# DATA EXTRACT
____________
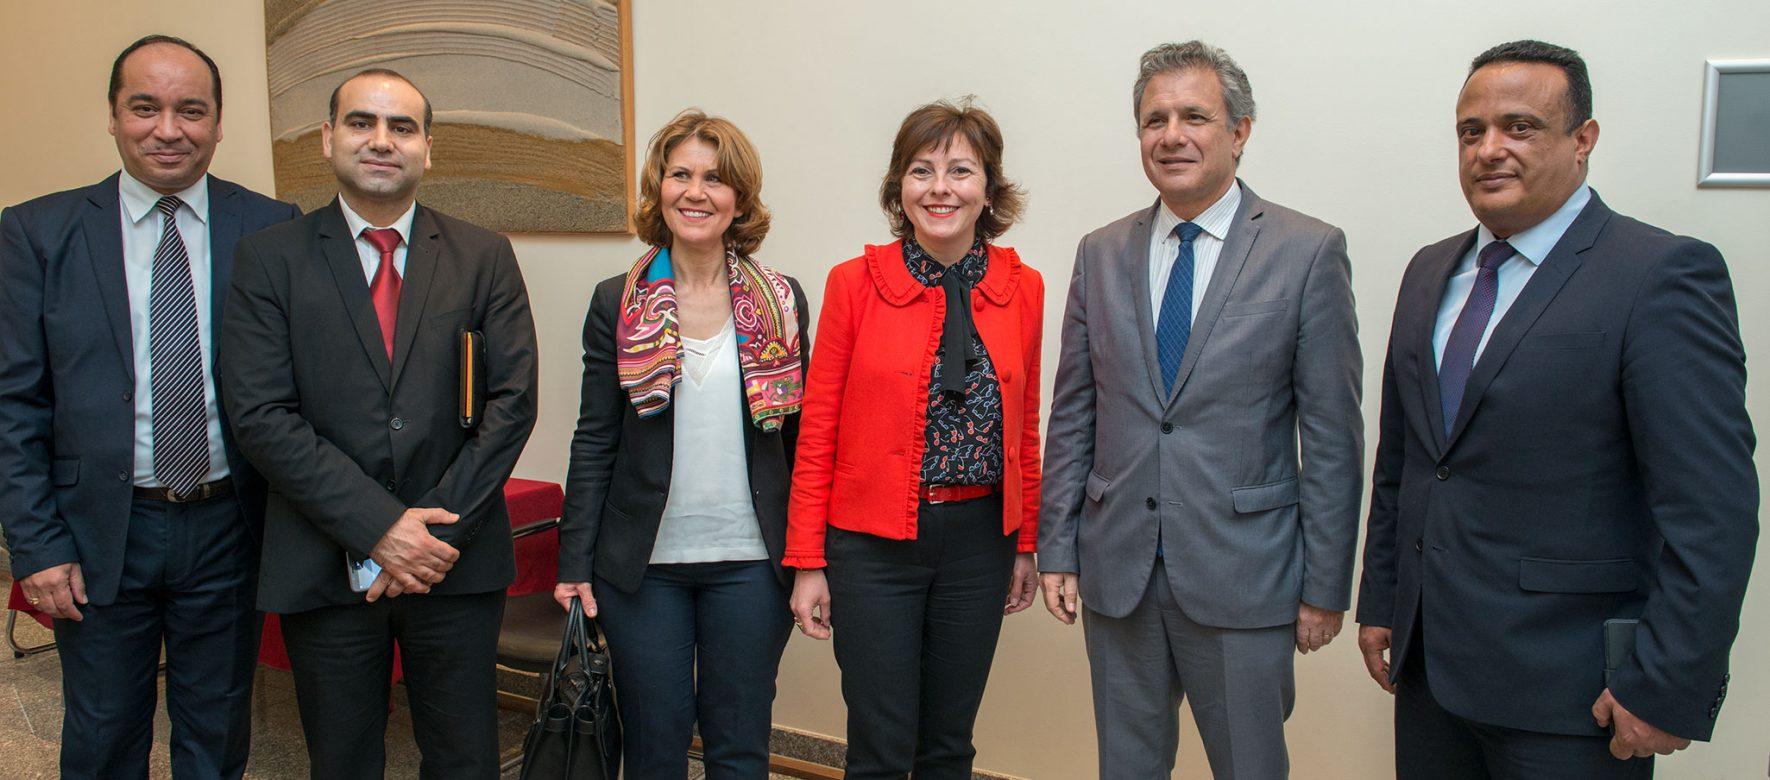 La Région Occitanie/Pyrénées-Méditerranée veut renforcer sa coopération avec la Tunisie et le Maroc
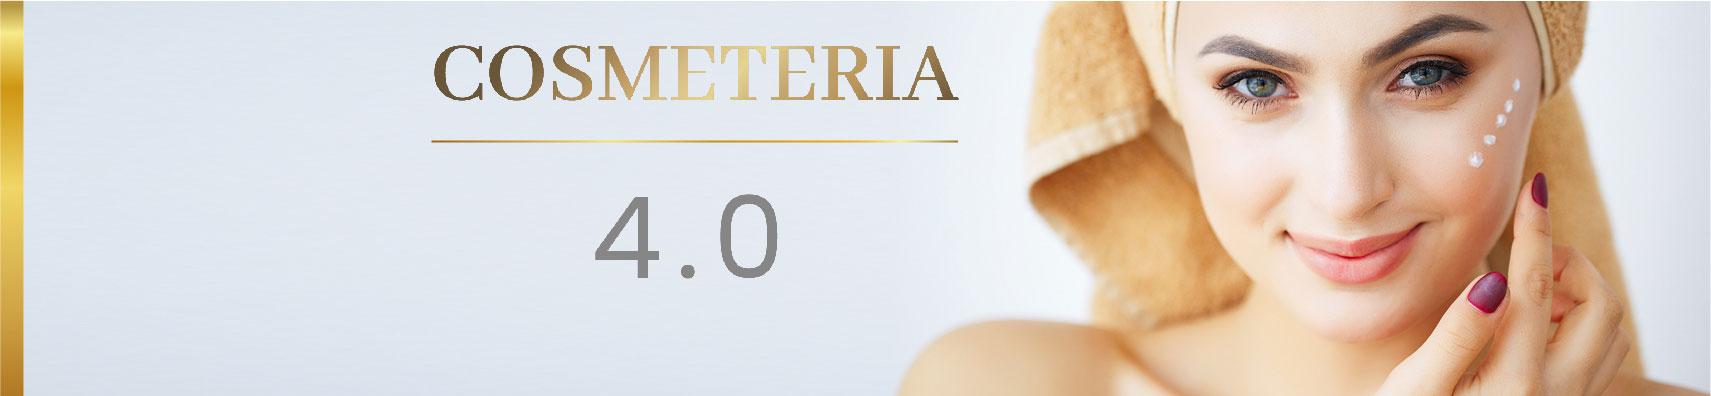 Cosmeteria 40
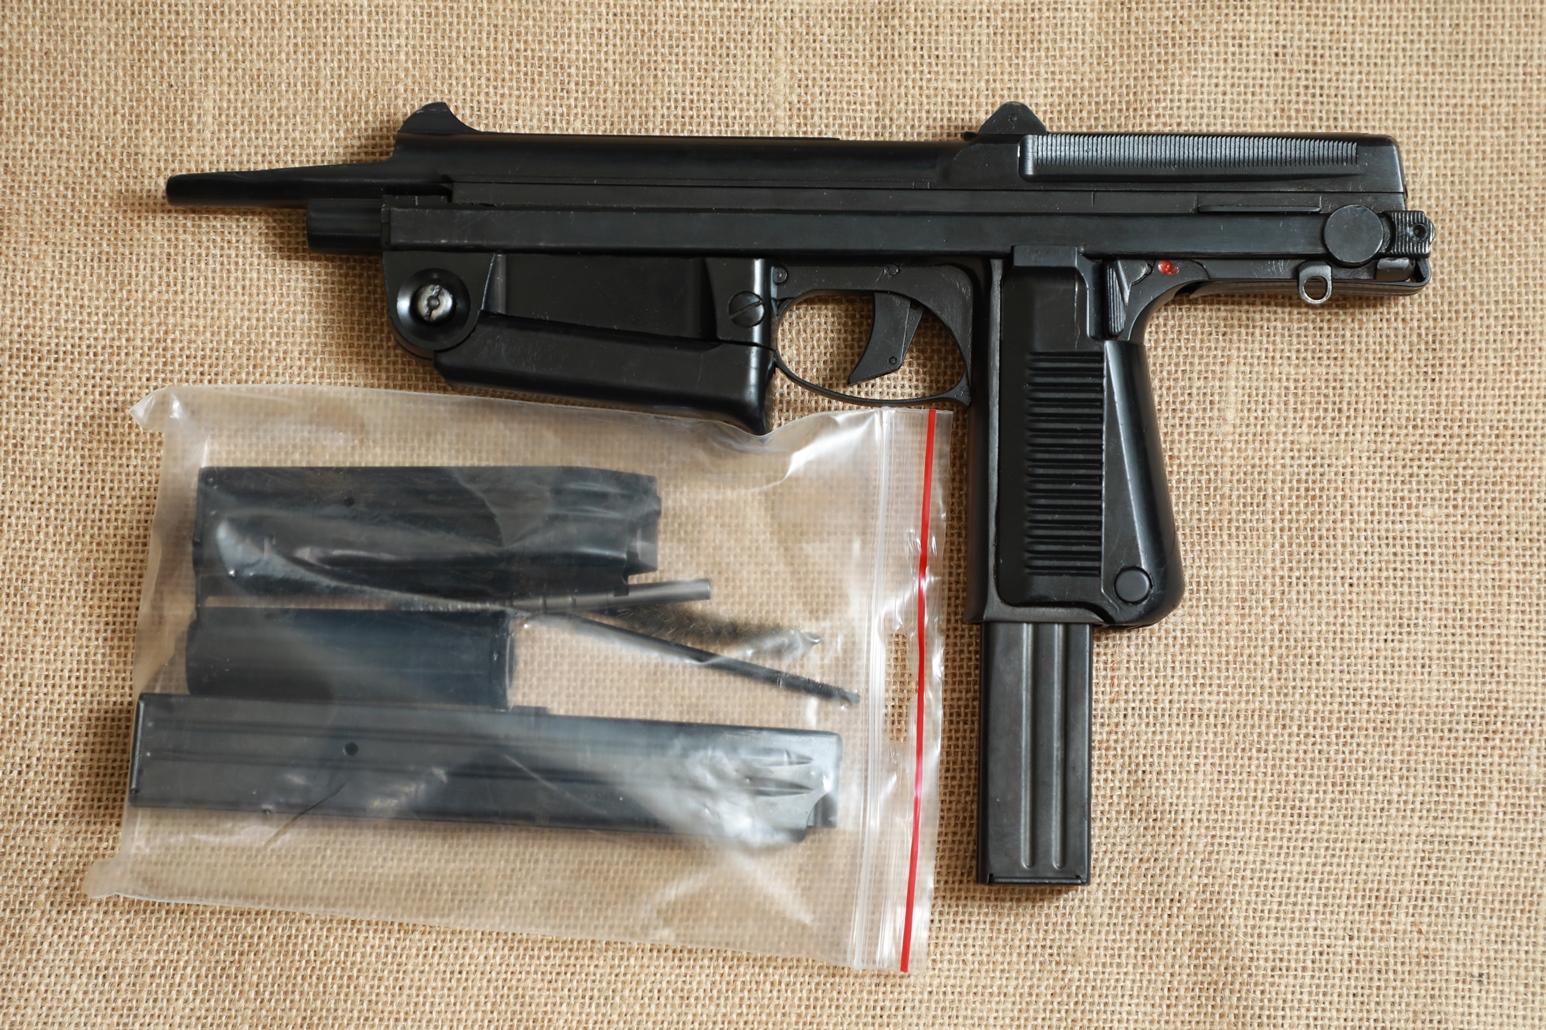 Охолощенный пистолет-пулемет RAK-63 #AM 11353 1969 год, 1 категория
____________
# EXERCISE REQUIREMENTS
Copy each line above precisely, dropping the pictures.

# ANSWER TO THIS PROBLEM
 La Région Occitanie/Pyrénées-Méditerranée veut renforcer sa coopération avec la Tunisie et le Maroc
 Cosmeteria 40
 Охолощенный пистолет-пулемет RAK-63 #AM 11353 1969 год, 1 категория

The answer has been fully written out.